G.R. No. L-23771. August 4, 1988
Sarmiento, J.
FACTS:
The Commissioner of Internal Revenue (CIR) impugns the Court of Tax Appeals
Decision absolving Lingayen Gulf Electric Power from paying the deficiency
percentage, franchise, and fixed taxes, and surcharges assessed against it. Pursuant
to municipal franchises, Lingayen operated electric power plant serving the
Municipalities of Lingayen and Binmaley, Pangasinan. The franchises ordered
Lingayen to pay quarterly into the Provincial Treasury of Pangasinan, one to two per
centum of its gross earnings obtained through the privilege granted. The Bureau of
Internal Revenue assessed against and demanded from Lingayen deficiency
franchise taxes and surcharges applying the franchise tax rate of 5% on gross
receipts as prescribed in Section 259 of the National Internal Revenue Code (NIRC)
instead of the lower rates as provided in the municipal franchises. Republic Act No.
(RA) 3843 was enacted granting Lingayen a legislative franchise for the operation of
the electric, light, heat, and power system in the same municipalities of Pangasinan.
Section 4 thereof provides that:
In consideration of the franchise and rights hereby granted, the
grantee shall pay into the Internal Revenue office of each Municipality
in which it is supplying electric current to the public under this
franchise, a tax equal to two per centum of the gross receipts from
electric current sold or supplied under this franchise. Said tax shall be
due and payable quarterly and shall be in lieu of any and all taxes
and/or licenses of any kind, nature or description levied, established,
or collected by any authority whatsoever, municipal, provincial or
national, now or in the future, on its poles, wires, insulator ... and on
its franchise, rights, privileges, receipts, revenues and profits, from
which taxes and/or licenses, the grantee is hereby expressly
exempted and effective further upon the date the original franchise
was granted, no other tax and/or licenses other than the franchise tax
of two per centum on the gross receipts as provided for in the original
franchise shall be collected, any provision of law to the contrary
notwithstanding. (Underscores supplied for easy reference of salient
points.)
The CIR contended that Lingayen is liable for the 5% franchise tax assessed against
Lingayen on its gross receipts realized before the effectivity of RA 3843 because
Section 259 thereof apply to existing and future franchises. The original franchises
of Lingayen did not contain a proviso that the tax provided therein shall be in lieu
of all taxes but contained a reservation clause that they shall be subject to
amendment, alteration, or repeal.

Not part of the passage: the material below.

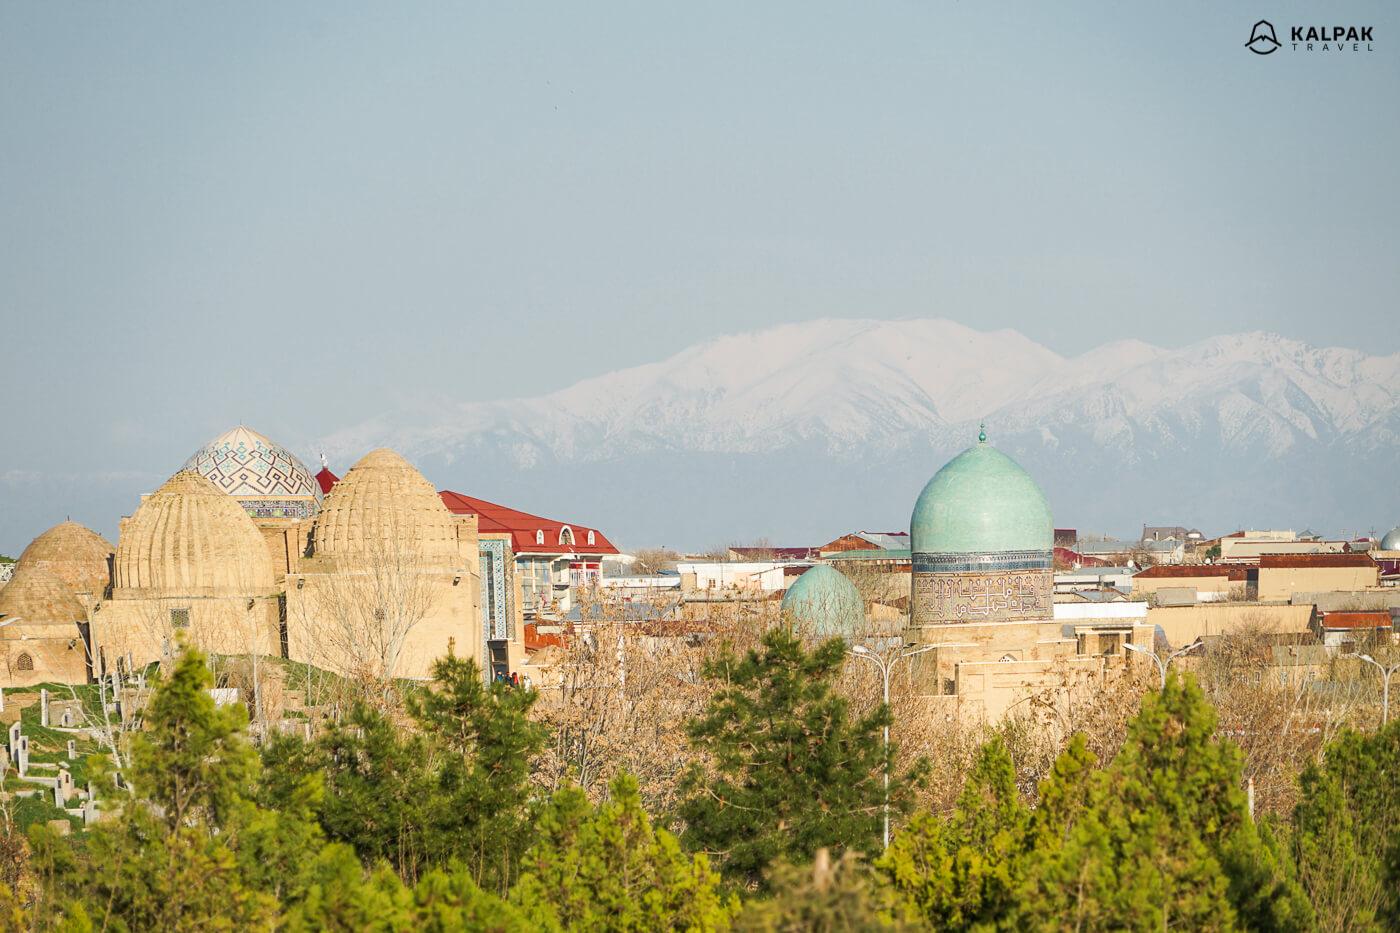 Shahizinda and Afrosiyob view in Samarkand

The CIR stressed that even in the absence of the

reservation clause, the power of the Legislature to alter, amend, or repeal any
franchise is always deemed reserved.
Lingayen protested the assessment of the deficiency franchise taxes and surcharges
and sought the reconsideration and amicable settlement thereof but the CIR denied
them.
ISSUE:
Was Lingayen liable to deficiency taxes assessed by the BIR?
RULING:
No, Lingayen was not liable for the deficiency assessments. By virtue of RA 3843,
Lingayen was liable to pay only the 2% franchise tax, effective from the date of the
original municipal franchises were granted. The Legislature has the inherent power
not only to select the subjects of taxation but to grant exemptions. Tax exemptions
have never been deemed violative of the equal protection clause. RA 3843
specifically provided for the retroactive effect of the law.
Therefore, Lingayen was not liable for the deficiency taxes assessed because RA
3843, which grants it tax exemptions, specifically provided for its retroactive
application, i.e., from the date of the original municipal franchises were granted.